Process Failed: HiveQL problem

kumar_anant0308kumar_anant0308 Member Posts: 5 Contributor II
edited December 2018 in Product Feedback - Resolved

I've installed Hadoop using Ambari Server (Hortonworks Data Platform  HDP-2.6). The connection to radoop passed without any errors . I am able to store and retrieve in hive from rapidminer using the connection made. However, when I'm running any process related to Spark; For eg: the tutorial process for k-means in radoop, I get the following error :-

com.rapidminer.operator.OperatorException: HiveQL problem (org.apache.hive.service.cli.HiveSQLException: Error while compiling statement: FAILED: SemanticException Line 1:17 Invalid path ''/tmp/radoop/admin/tmp_1525790714419a_csh8jcj/'': No files matching path hdfs://node.server.com:8020/tmp/radoop/admin/tmp_1525790714419a_csh8jcj)
SEVERE: Process failed: HiveQL problem (org.apache.hive.service.cli.HiveSQLException: Error while compiling statement: FAILED: SemanticException Line 1:17 Invalid path ''/tmp/radoop/admin/tmp_1525790714419a_csh8jcj/'': No files matching path hdfs://node.server.com:8020/tmp/radoop/admin/tmp_1525790714419a_csh8jcj)

 

I'm also able to run programs in Spark via the terminal but I get this error if I run it through Radoop.

Can anybody get me a solution for this?

Tagged:
0
0 votes

Fixed and Released · Last Updated

This is a Hive bug with a current workaround until Hive is remedied from their end. Please see https://docs.rapidminer.com/latest/radoop/troubleshooting/known-errors.html for more details. RAD-1657

Comments

  • kumar_anant0308kumar_anant0308 Member Posts: 5 Contributor II

    The process works fine when we run the k-means clustering(not the radoop operator) inside SparkRM and checking/setting the "merge output" and "resolve schema conflicts" .

    But still the same error persists for the tutorial process.

  • phellingerphellinger Employee, Member Posts: 103 RM Engineering

    Hi,

     

    are you referring to the "Full Test" when saying "The connection to radoop passed without any errors"?

    It would be helpful to run the Full Test (may take some time) that includes Spark job test as well.

     

    If Full Test succeeds, there may be a hidden error in the submitted Spark job, which may result in a missing output, but that is just a guess. Do you have access to the Resource Manager UI (typically at port :8088) of the cluster.

     

    Best,

    Peter

  • kumar_anant0308kumar_anant0308 Member Posts: 5 Contributor II

    The full test passed without any errors and I'm able to access the Resource Manager too. The process(Spark job) shows status as "SUCCEEDED". I ran into a problem with Radoop K-means Tutorial process.

    In the hadoop data tab,we are able to view the clustered data but still the process ends with the same SemanticException error.

    8.png 167.5K
  • mborbelymborbely Member Posts: 14 Contributor II

    Hi,

     

    This problem occurs when Radoop tries to load the output of the Spark job into a Hive table. My first assumption would be that the user running Hive jobs cannot access the files created by the Spark job. (owned by user 'admin') We have to find the exact reason behind this, but for that, we need to know a bit more about your configuration.

    1. Is your cluster secured?
    2. What kind of authorization model do you use in Hive?
    3. Do you have hive.server2.enable.doAs enabled? You can find this in Ambari as "Run as end user instead of Hive user" under Hive settings.

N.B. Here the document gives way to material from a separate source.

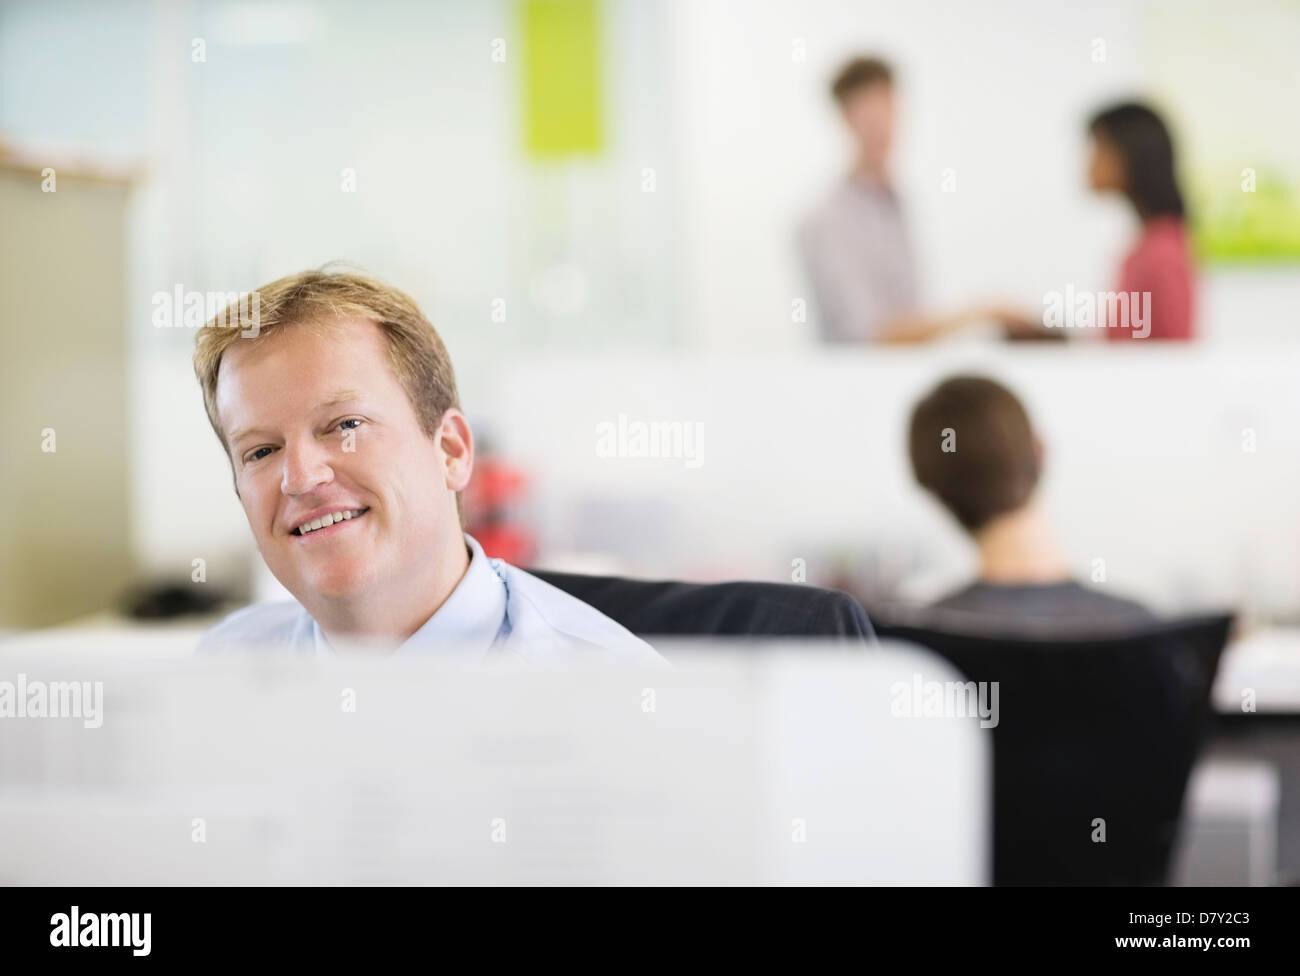 Businessman smiling at desk Banque D'Images

    On the other hand, your sentence "In the hadoop data tab,we are able to view the clustered data " makes me doubt this assumption. Just to be sure: you can see it among the tables, and not through import files from HDFS option, right? Are you 100% sure, you see the result of the currently executed process? Because if you are, we have to look in entirely different directions.
    If you disable "cleaning" option on the Radoop nest and after running the process, list the contents of the folder (belonging to the Invalid path, with user admin), do you see your data files? Or do you just see an empty folder?

  • kumar_anant0308kumar_anant0308 Member Posts: 5 Contributor II

    1. We've not enabled any kind of security.

    2. There is no authentication (hive.server2.authentication is set to NONE)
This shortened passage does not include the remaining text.